The I Sea app was released last week and garnered positive coverage from Reuters, Wired, and other media outlets. The app was developed by Grey For Good, the philanthropic arm of the Singapore-based advertising agency Grey Group. The developers claimed that live satellite imagery of the Mediterranean was divided into small "plots," then sent to individual app users who could scan the waters for any ships that might be in trouble.
I See

The I Sea app was released last week and garnered positive coverage from Reuters, Wired, and other media outlets.

The app was developed by Grey For Good, the philanthropic arm of the Singapore-based advertising agency Grey Group.

The developers claimed that live satellite imagery of the Mediterranean was divided into small "plots," then sent to individual app users who could scan the waters for any ships that might be in trouble.

In a slick video, the makers of the app boasted that "as world leaders continue to debate the biggest human tragedy of the century, the world has decided to take the matter into their own hands."

View this video on YouTube

youtube.com

The agency said it was launching the app in conjunction with the search-and-rescue group Migrant Offshore Aid Station — a claim the charity denies.

A spokesperson for MOAS told BuzzFeed News they had nothing to do with the development of the app.

"We were approached by Grey for Good with their idea in November of 2015 and our team later explained the realities of rescue at sea, all of which requires real time, accurate and second by second information," Robert Young Pelton said.
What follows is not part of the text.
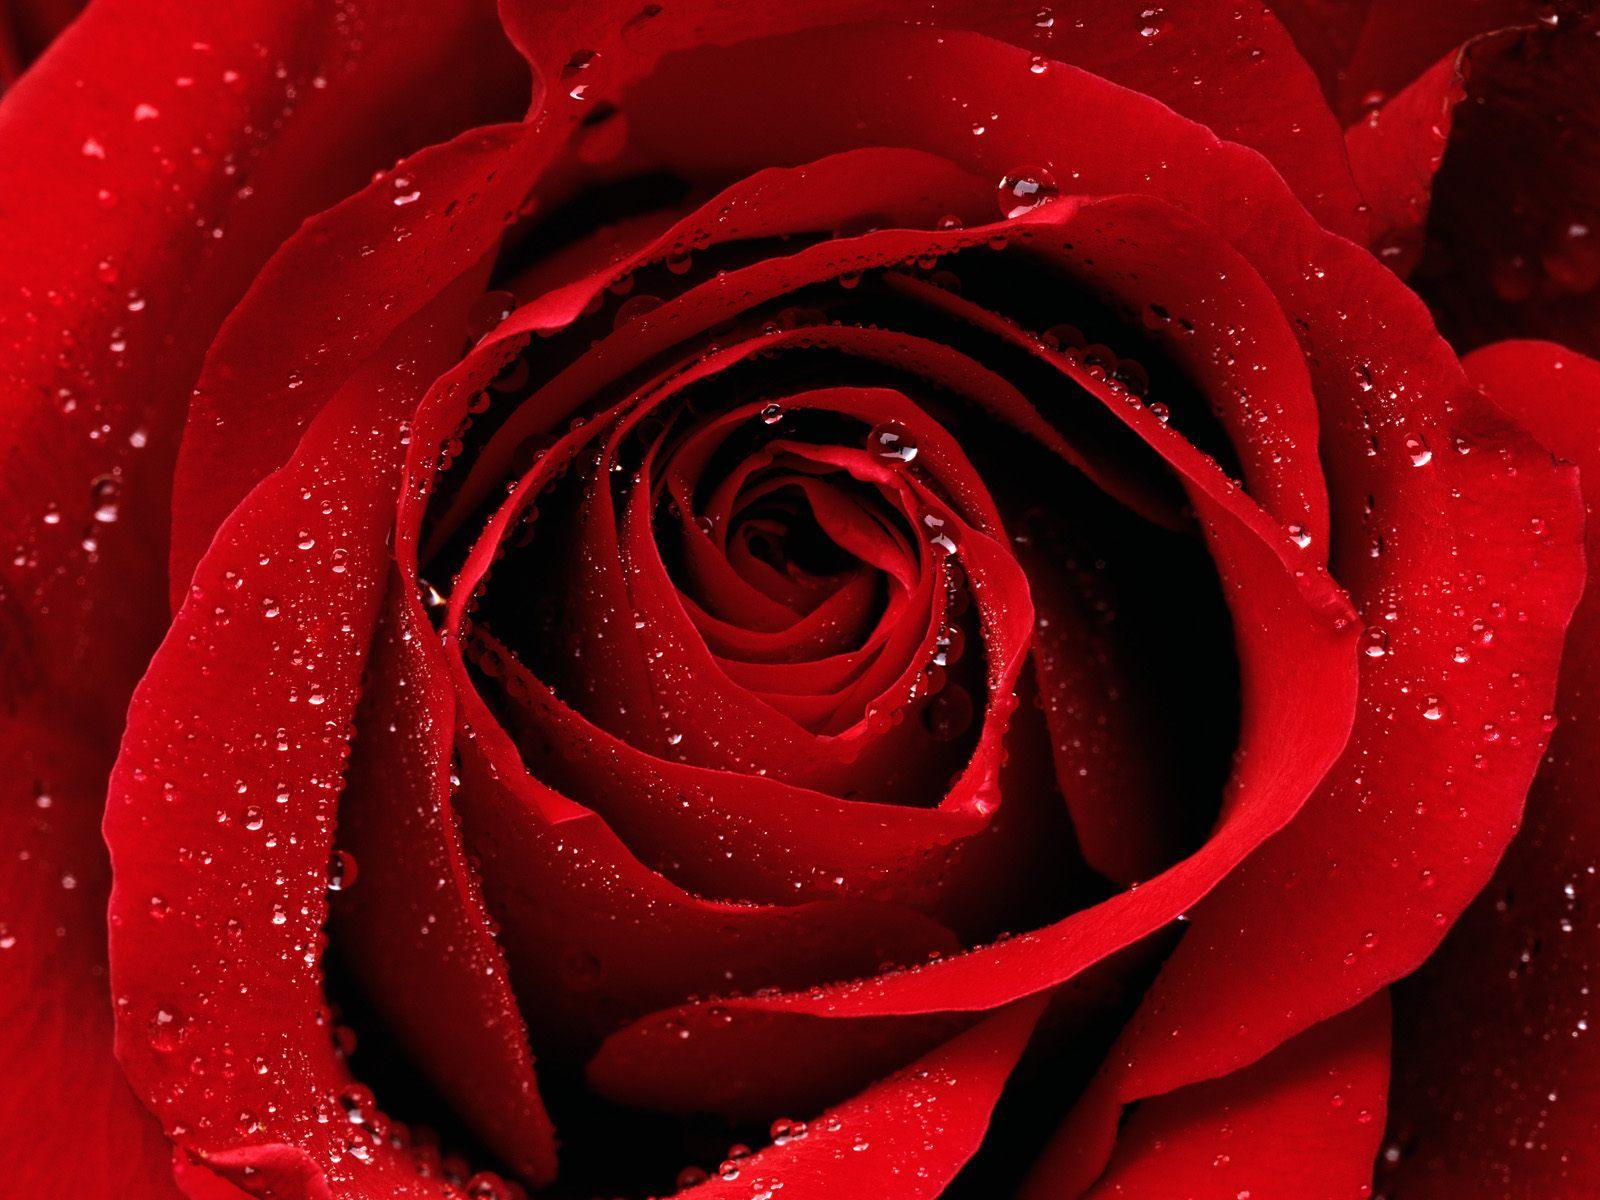 Red rose on a desktop wallpaper.

"[W]e don’t use consumer iPhone apps to save lives."

People who took a closer look at the app over the weekend called bullshit on its claims of helping save lives. The popular Twitter account SwiftOnSecurity called I Sea "a marketing stunt for the developer to get press articles."

Tried it, the app is completely non-functional. It's a marketing stunt for the developer to get press articles.

Rather than taking live imagery and cutting it into small plots for different users, the app appeared to give all users the same still photo.

@SwiftOnSecurity it is at least talking to an API but seems to link to a static image

This image is hosted on the I Sea website. When BuzzFeed News downloaded the app, we were given what appeared to be the same image, complete with the striped section on the right.

www.iseaapp.com/images/newimg.png
I Sea

People said even the weather report included in the app was fake. It claimed to show conditions in the Mediterranean Sea, but was apparently taken from a weather station in Libya.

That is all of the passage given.